**Task goal:** Copy exactly, beginning with the line holding "Primary Image of Alfazema (Lavender) Soap" and ending with the final line of the data beneath this task; copy nothing else, and leave out every picture.

**Recorded information:**
-------

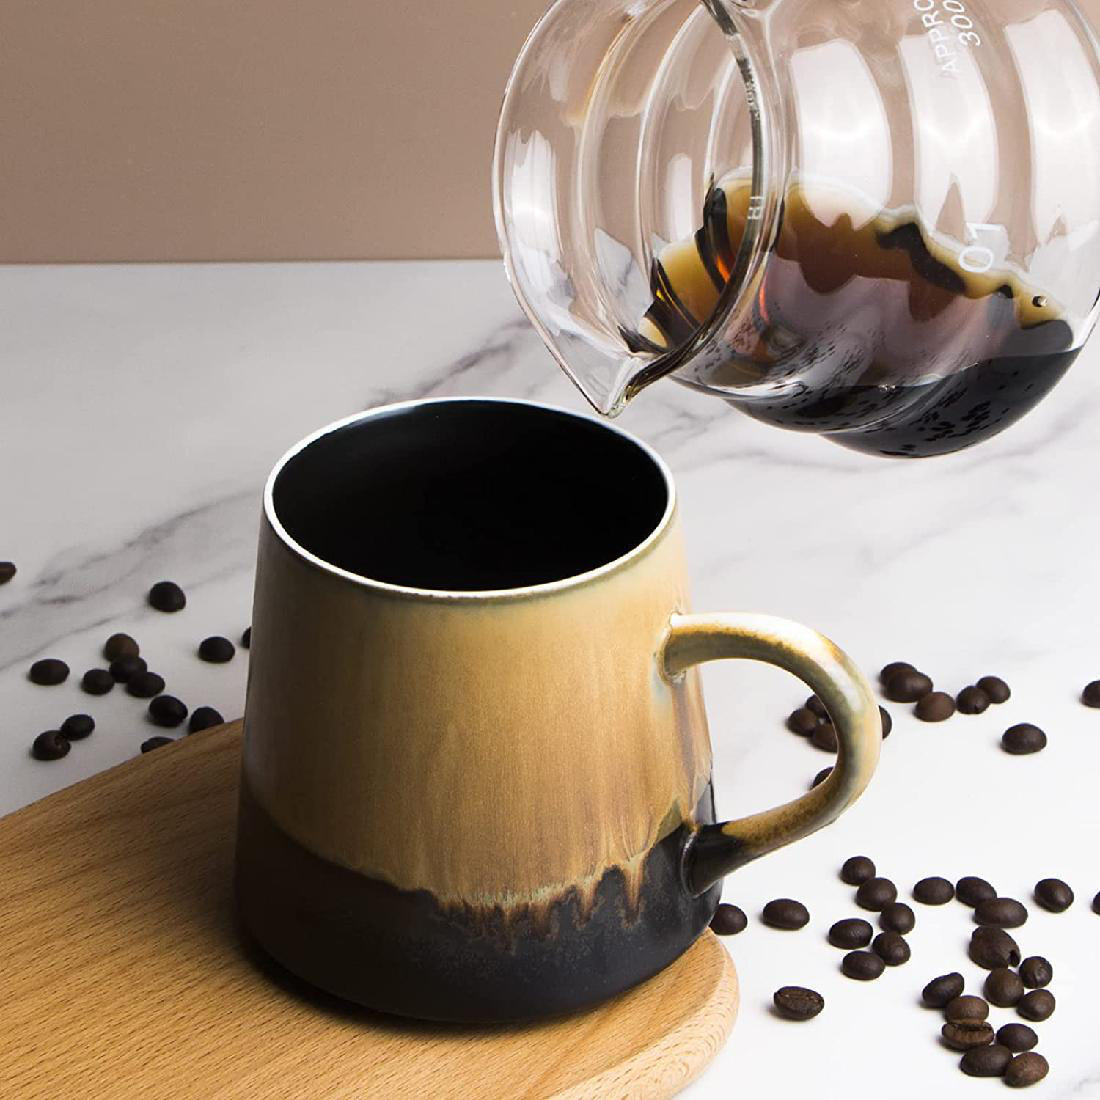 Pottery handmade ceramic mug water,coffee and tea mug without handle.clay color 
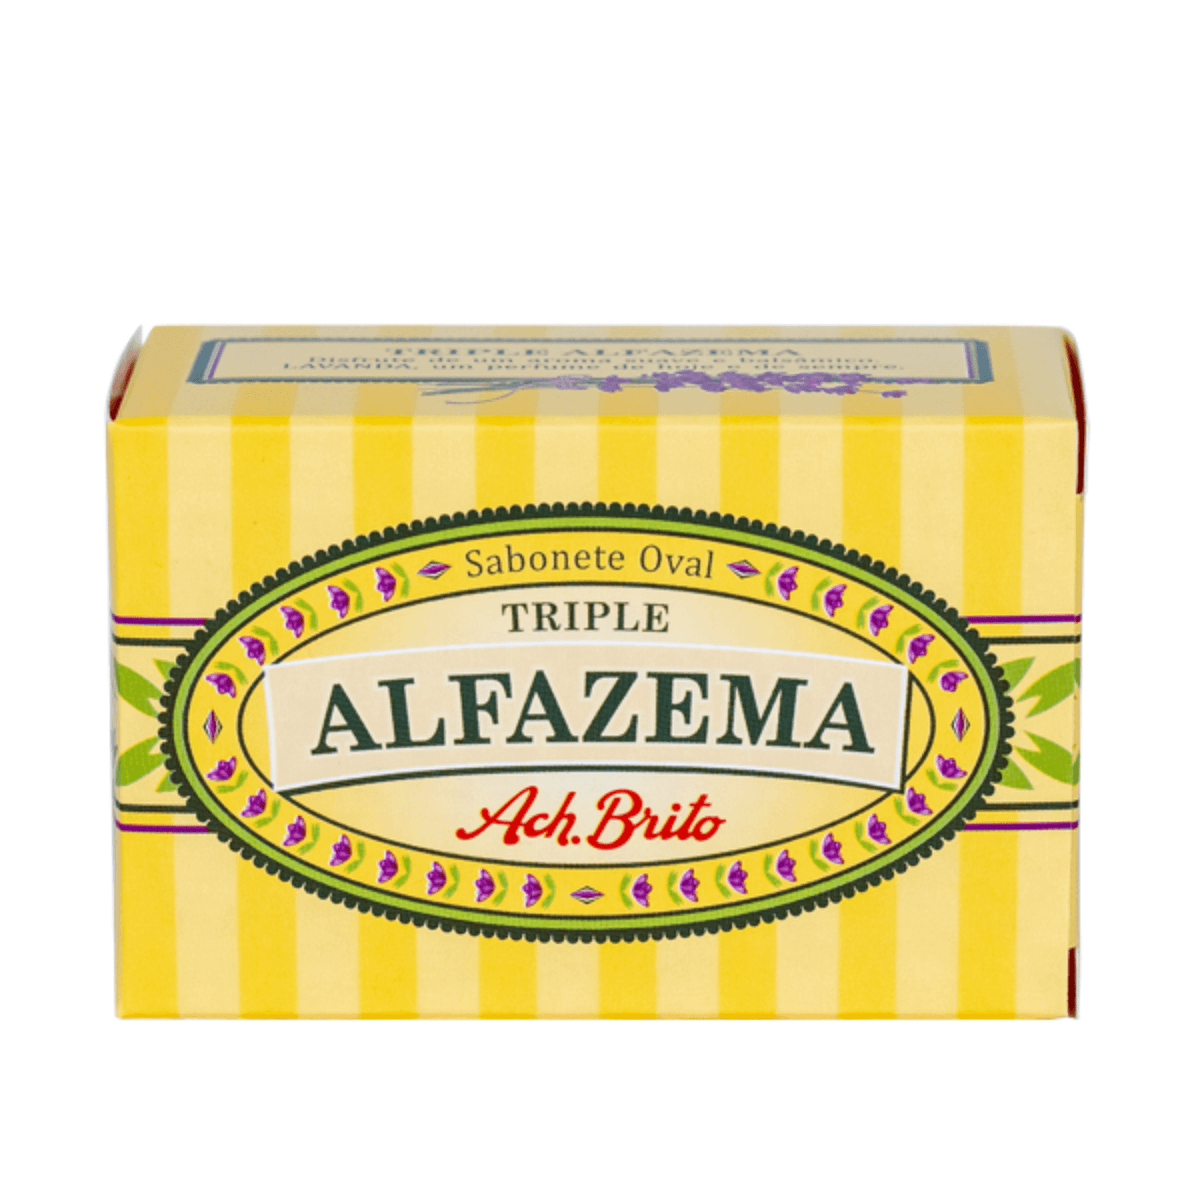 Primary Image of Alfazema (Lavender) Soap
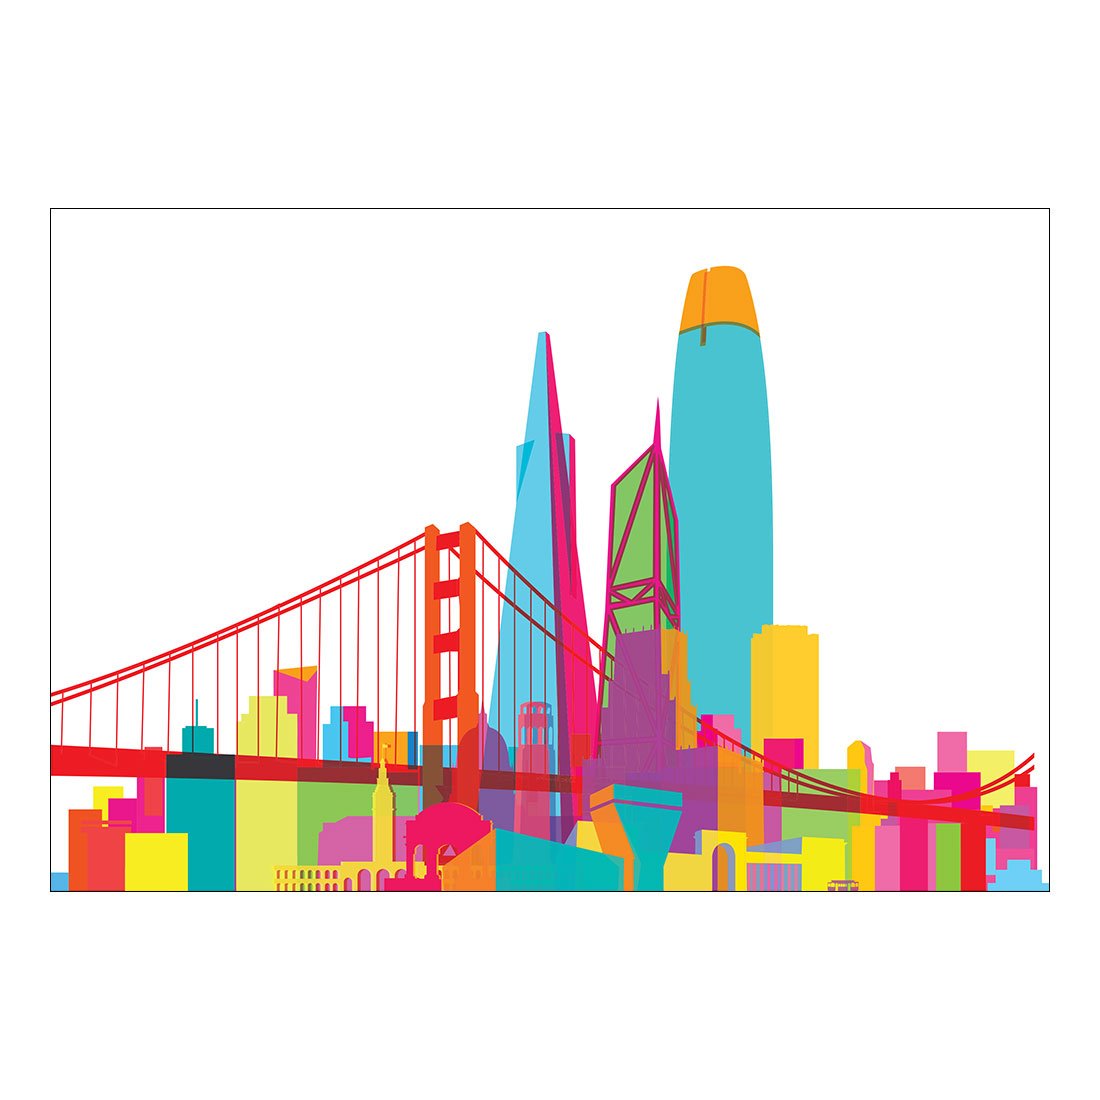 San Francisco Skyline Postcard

-------

**Task solution:**
 Primary Image of Alfazema (Lavender) Soap
 San Francisco Skyline Postcard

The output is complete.